Выбраковка. Ночной смотрящий - Олег Дивов
Шрифт:
Интервал:
Закладка:
– Лешечка! – воскликнул Гусев радостно. Похоже, он ждал чего-нибудь похуже. – Дорогой ты мой! Сам посуди – если бы я мог попасть тебе в руку, уж наверное, я бы тебя предупредил!
Валюшок в ответ только сплюнул – как перед этим старший.
Наверное, они пережили очень похожий стресс.
ГЛАВА ШЕСТНАДЦАТАЯ
Лишь в молитвах и заупокойных службах изливалась скорбь по тысячам казненных, не обращаясь в ярость, направленную против тирана, – ведь его власть была освящена церковью, а цели – разумны и благородны.

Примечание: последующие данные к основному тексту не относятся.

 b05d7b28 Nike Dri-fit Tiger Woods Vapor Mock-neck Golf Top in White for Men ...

Очередное испытание на прочность судьба подбросила двойке Гусева в один ничем не примечательный вечер. Да и началось все рутинно – просто на пульте лежала заявка, которую Гусеву передал дежурный. Гусев, привычно изображая лицом скуку и неудовольствие, в бумагу заглянул и сразу же покосился на Валюшка. Его ведомый, поигрывая на пальце ключами от «двадцать седьмой», мурлыкал под нос песенку и, судя по всему, пребывал в отличнейшем расположении духа. «Ну, сейчас посмотрим, какой ты гражданин, агент Валюшок, – мысленно вздохнул Гусев. – Поганая заявка. В последний раз я такую видел года два назад. Ясно, почему ее именно мне подкинули – Гусева ведь не жалко. А Валюшка? Хм-м... Все-таки не оставили надежды восстановить против меня. Какая же это сволочь наверху мутит воду? Понятное дело, не шеф. А кто? Ну, в любом случае нужно будет за Лехой присмотреть. А то еще замочит старика Гусева по великой своей доброте. Обмялся он за последний месяц нормально, уже никакой работы не гнушается, но это...»

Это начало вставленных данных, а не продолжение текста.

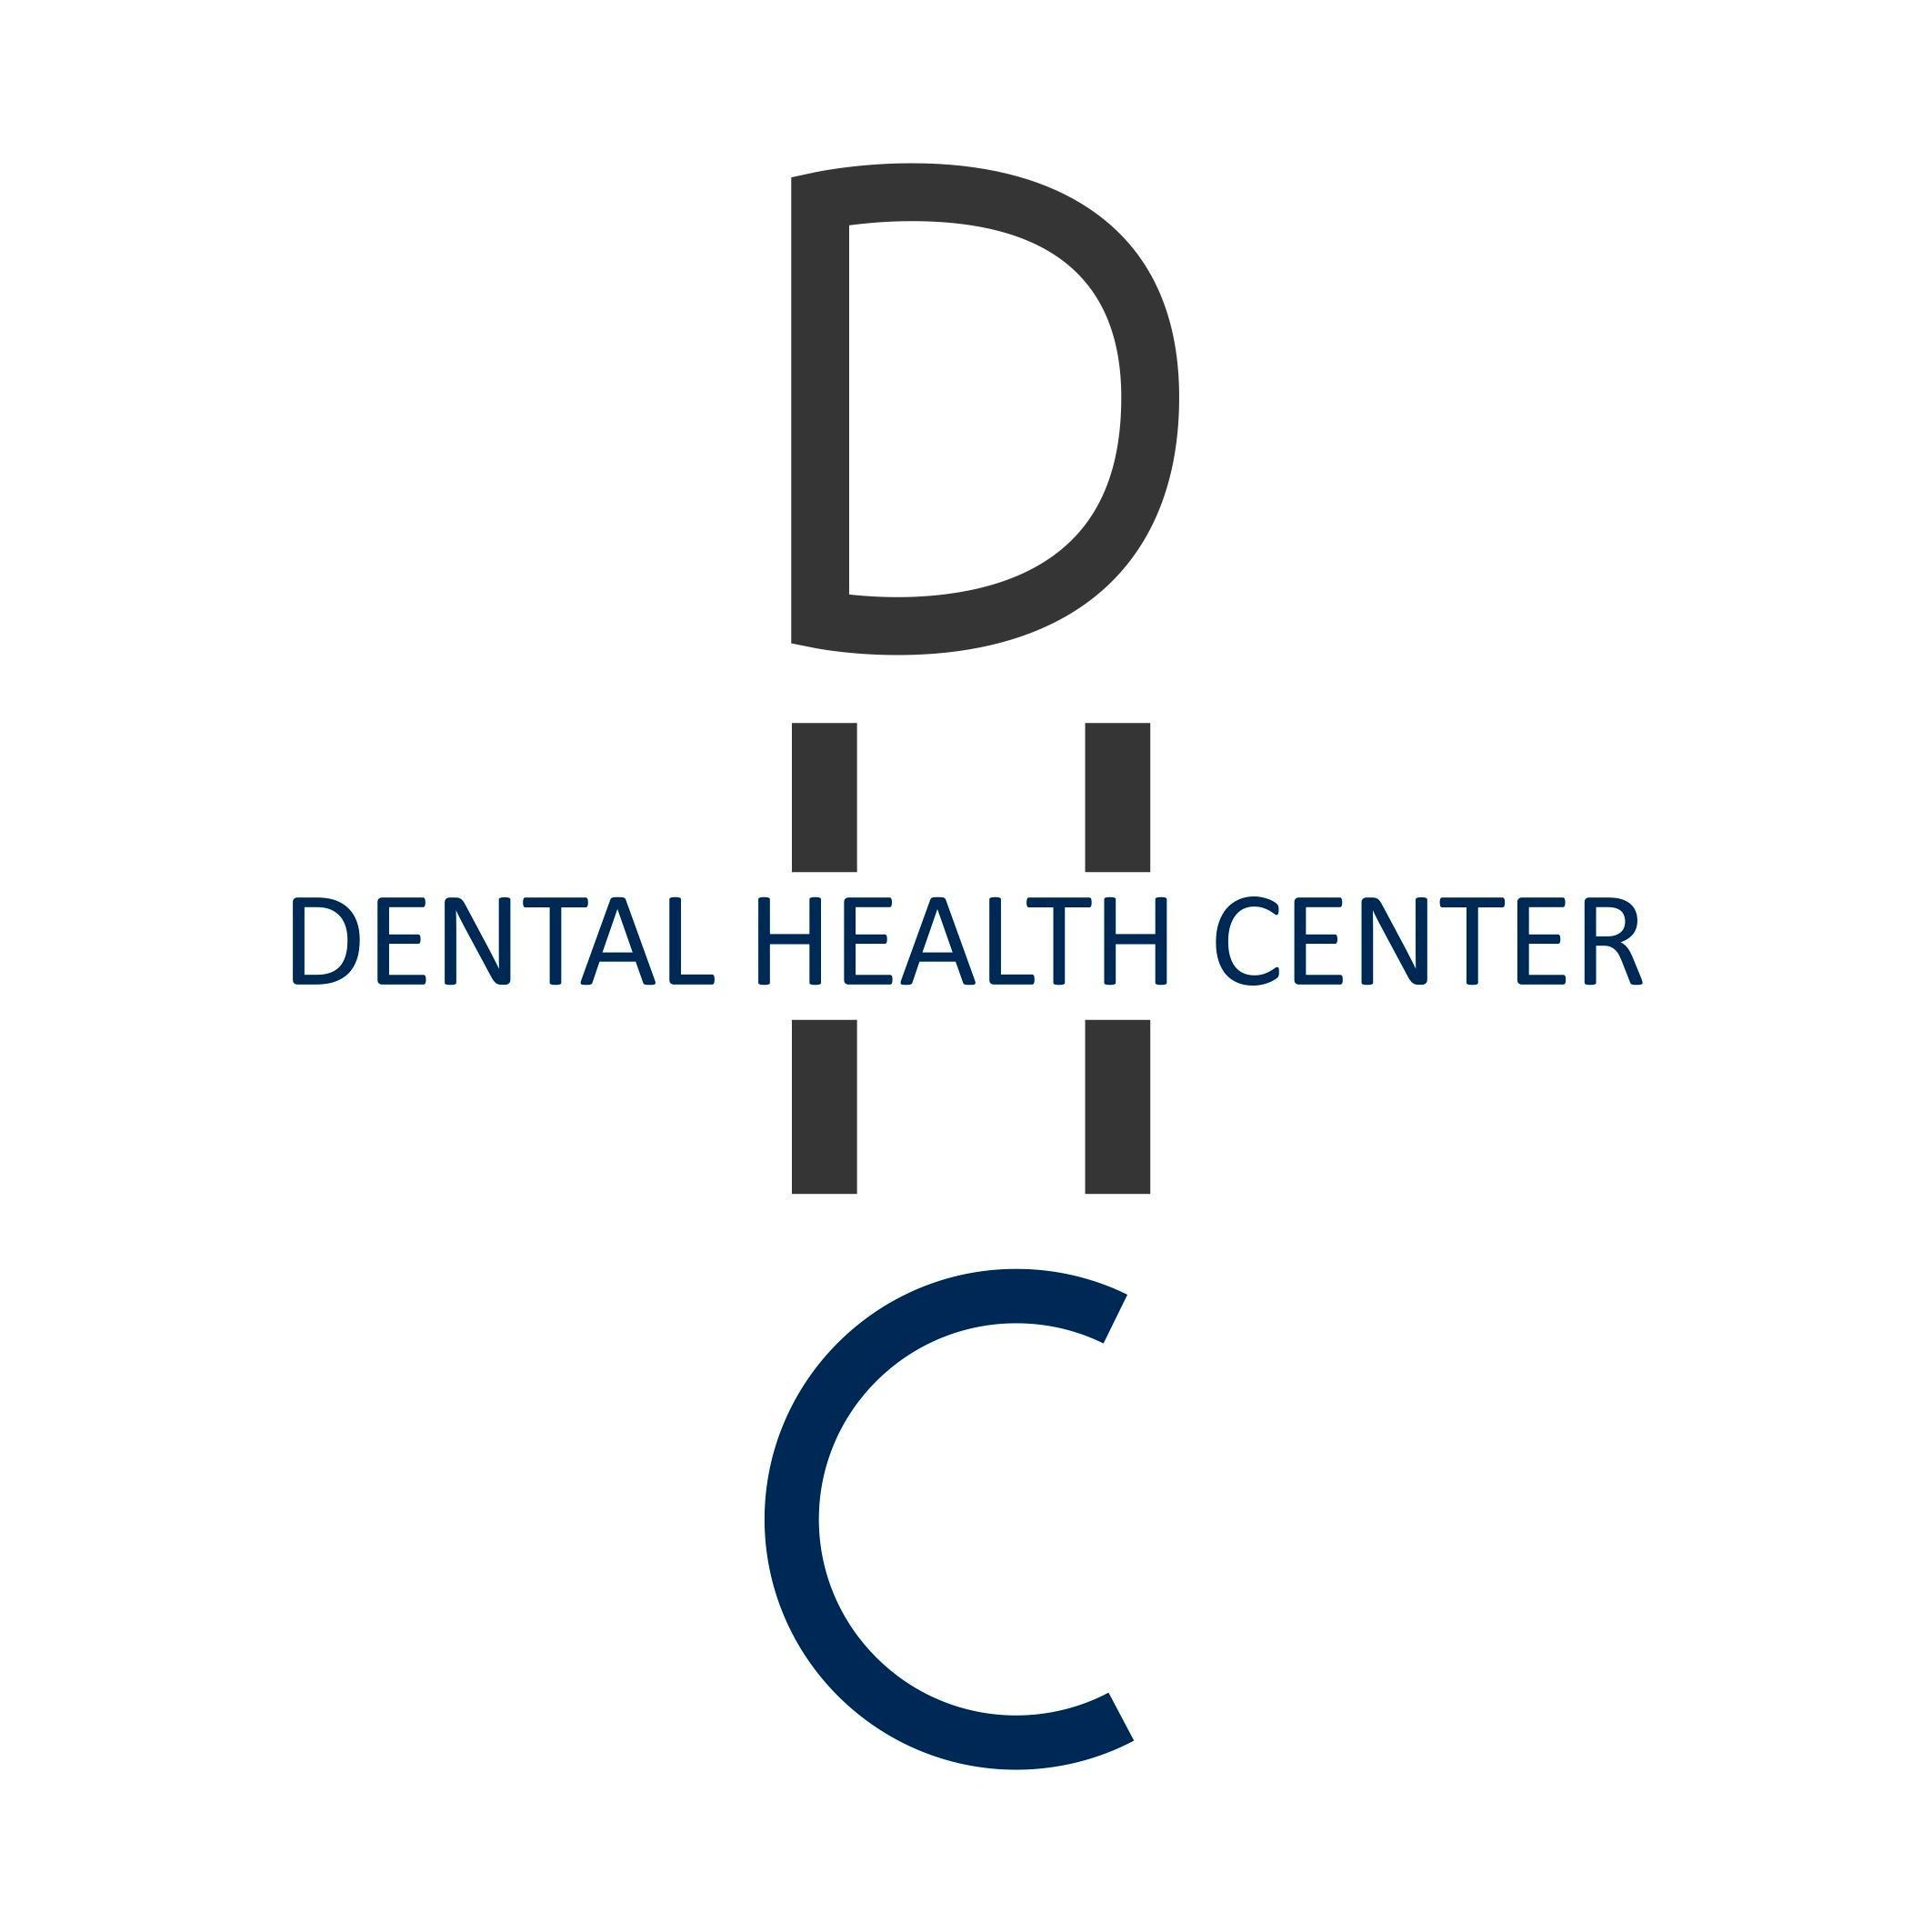 Dental Health Center Coral Gables

– Заводи, – скомандовал он. – Я сейчас, только вот «труповозку» закажу. Нам сегодня особенная понадобится...
Ехать пришлось на самую границу зоны ответственности Центрального. Валюшок вел машину как обычно – быстро и надежно, не хуже, чем если бы за рулем сидел Гусев. С исчезновением знаменитых на всю страну московских пробок средний уровень водительского мастерства в городе неуклонно падал, и Гусеву было приятно, что хотя бы его ведомый этому повальному расслаблению не подвержен.
«Двадцать седьмая» идеально запарковалась у искомого подъезда – в двух шагах, но так, чтобы не привлекать лишнего внимания. Гусев достал рацию и вызвал «труповозку».
– Когда подъедете, во двор не суйтесь, – приказал он. – Стойте на улице. А то здесь бабуськи околачиваются, сразу выяснять начнут, к кому «Скорая» приехала.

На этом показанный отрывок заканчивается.